In the Day You Eat

God had said in the day you eat of [the fruit of the Tree of the Knowledge of Good and Evil], you shall surely die. They ate and didn’t die, not in that day. Their eyes were opened, they became like God, knowing good and evil. All this is even confirmed by God. It seems the serpent told no lie at all. What happened?

Part of it may be their exile, which is a kind of picture of death. Perhaps in the same way that a branch cut from a tree does not immediately look dead, but being cut off from its source of life, it really no longer lives, so Adam and Eve, being cut off from the Tree of Life no longer really lived. Maybe. But they never ate from that tree. It wasn’t their source of life. God breathed into the man’s nostrils the breath of life and he became a living creature. Still, they were cut off from the sanctuary, from the presence of God.
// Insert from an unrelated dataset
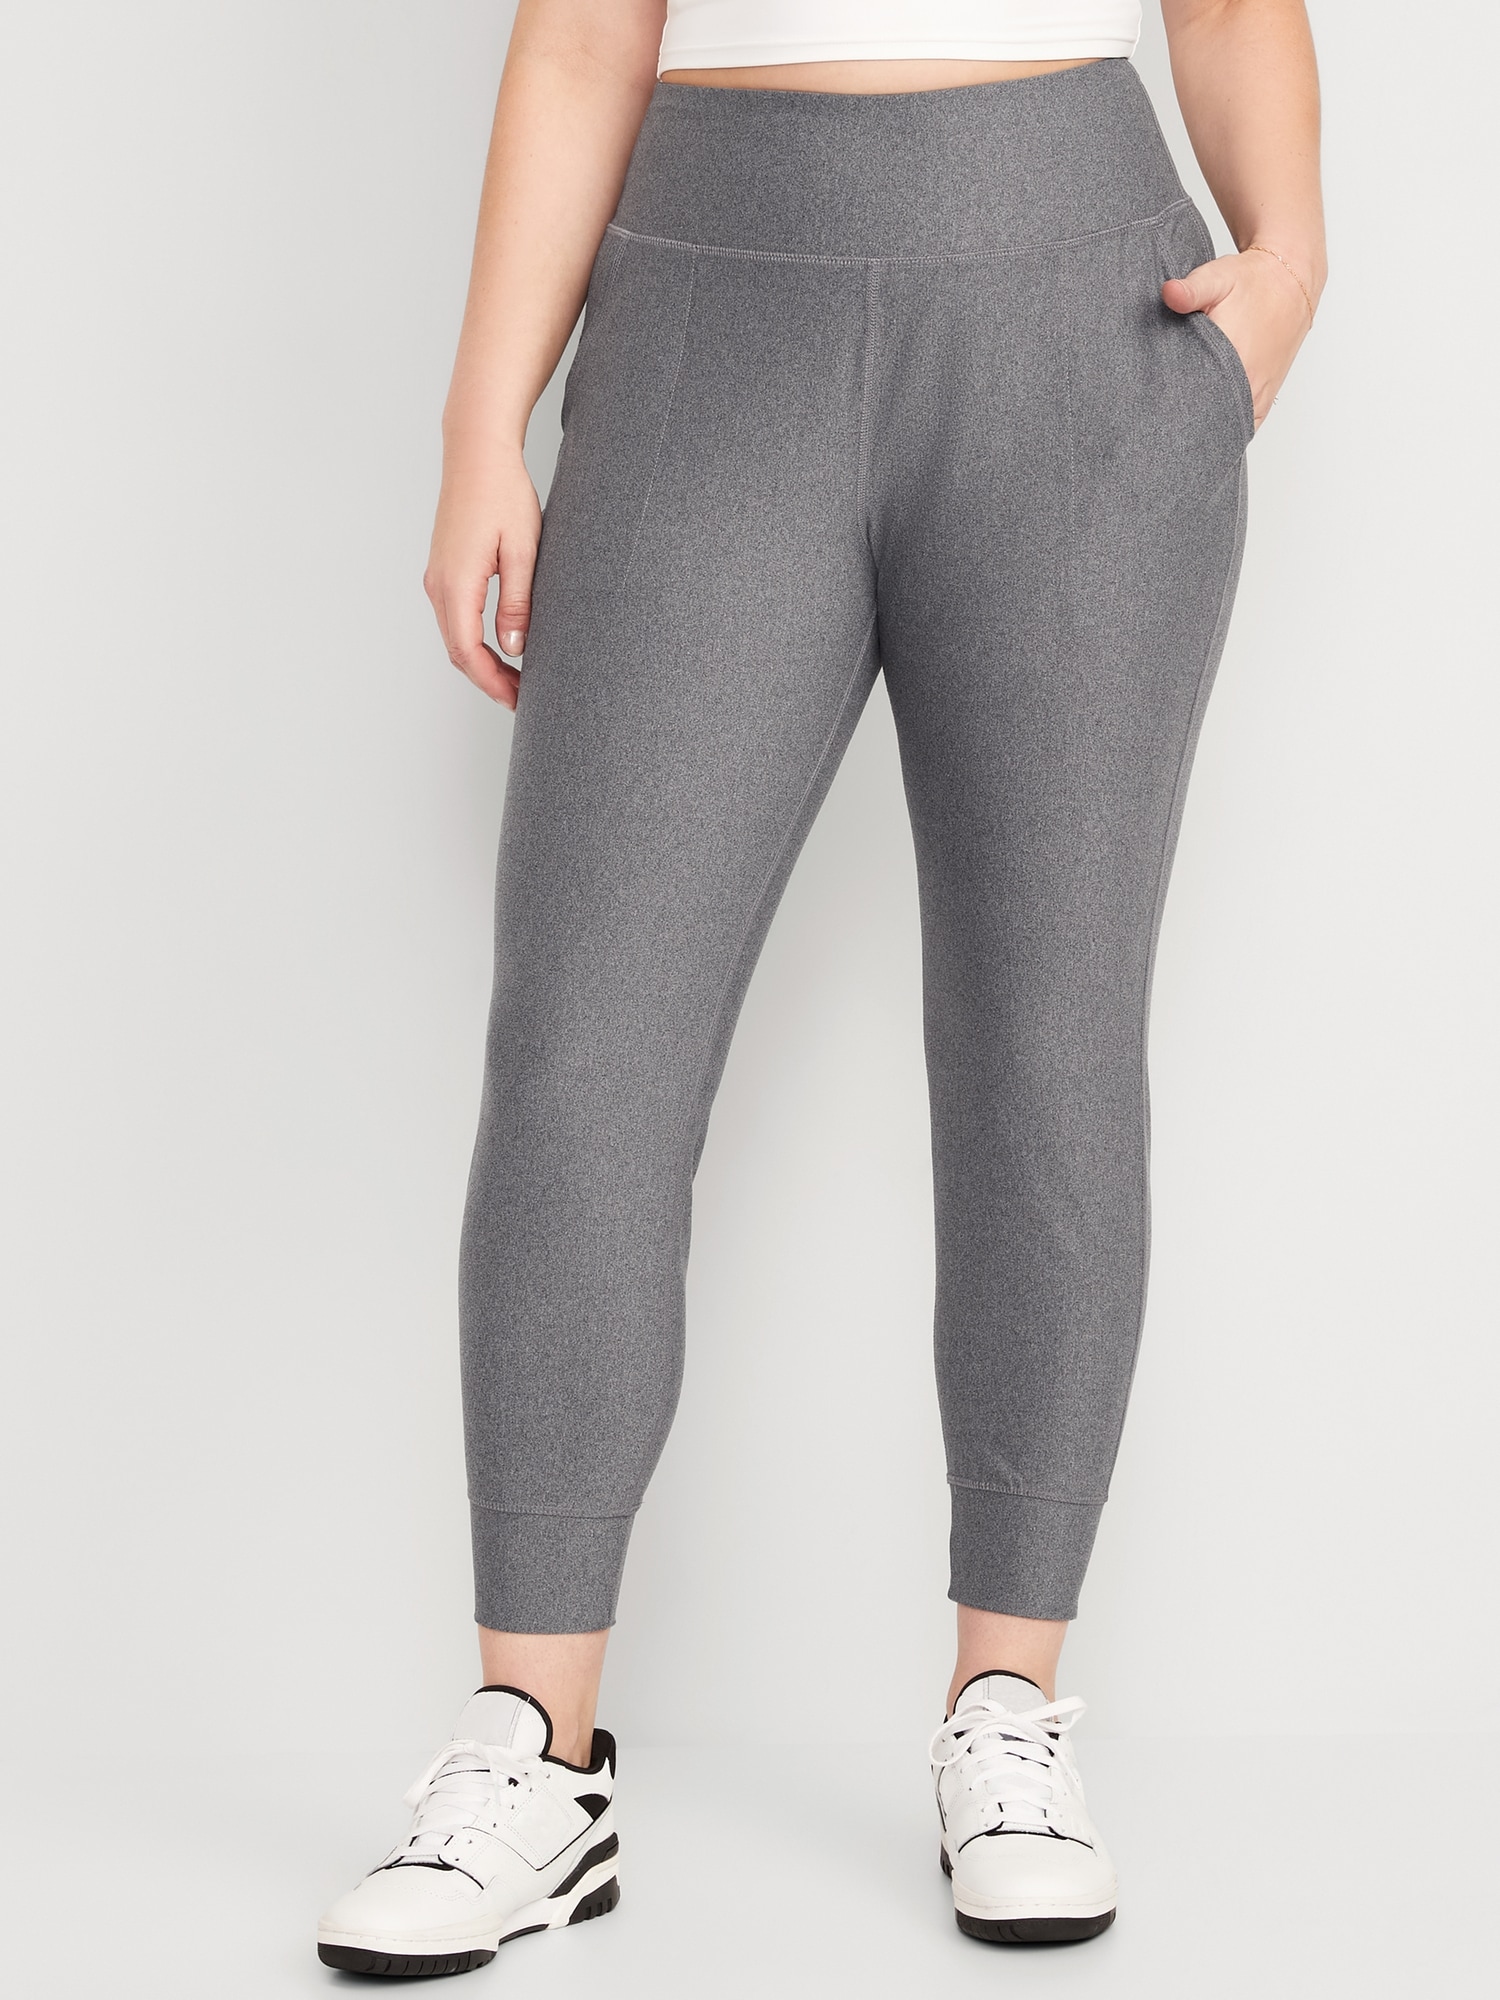 7 Reasons to Buy/Not to Buy Old Navy High-Waisted PowerSoft ⅞-Length Joggers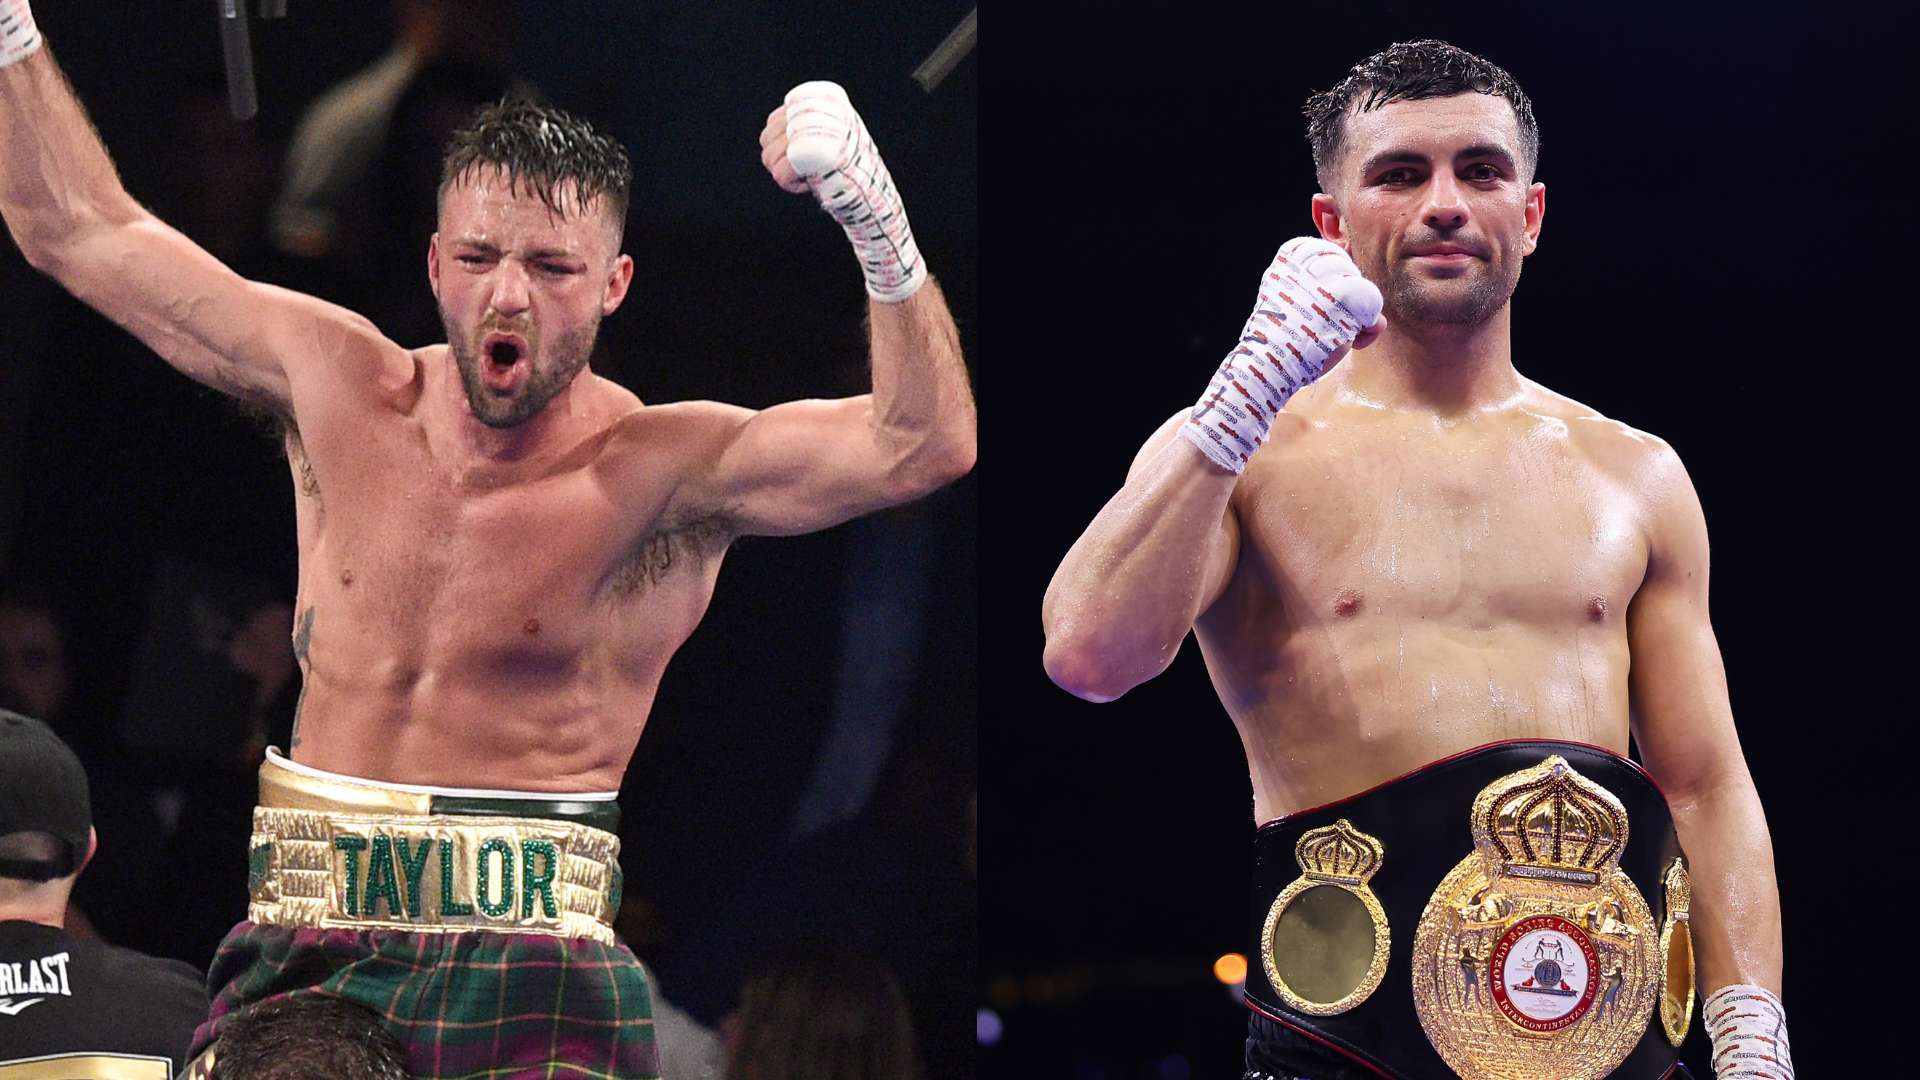 Taylor vs Catterall re-match boxing

A case can also be made out of the Hebrew grammatical construction. A stricter translation would read something more like in the day you eat of it, dying you shall die. Eating the fruit begins the process of ageing, decay, and death. The rest of their days would be a slow decline toward death. Dying, the process, you shall die, the end. This is certainly what we experience, and as far as that goes is good and true. I’m not sure the Hebrew is meant this way, though. This kind of construction is used throughout scripture for emphasis, as in the immediately preceding verse you may freely eat, or, eating you may eat—which is why nearly every English translation renders it you shall surely (or certainly) die.


A more complete answer might be found by digging into verse 21: And the LORD God made for Adam and for his wife garments of skins and clothed them. Where did the skins come from? An animal or animals had to die to provide the covering for them. This covering was given by God in place of the covering of fig leaves they had made for themselves. Why? To show that without the shedding of blood, there is no forgiveness—release, letting go, deliverance—from sin. This is the inauguration of the sacrificial system—or better, the provision of covering—later given more fully in Leviticus. The way back to the sanctuary is past the cherub and the flaming sword. Who can go through that? A man cannot enter, so he leans his hand on the head of an animal, identifying with it, sending it as his representative, and in a sense it carries him through the knife and the fire where it ascends to the glory cloud of the presence. This act, and most especially the blood spilled, provides a covering for the one who would draw near to God. This whole system is given by God as the way of approach. It is his provision, as is emphatically demonstrated by Jesus in his own death.

This helps (partly) explain why Abel’s offering was accepted and Cain’s wasn’t, and why Abel was a shepherd at all at a time when people didn’t eat meat (Gen 1:29-30, cf. Gen. 9:3). The fruit of the ground is a fine tribute or thanksgiving offering, but not an appropriate covering for the sin crouching at the door, trying to get mastery over him.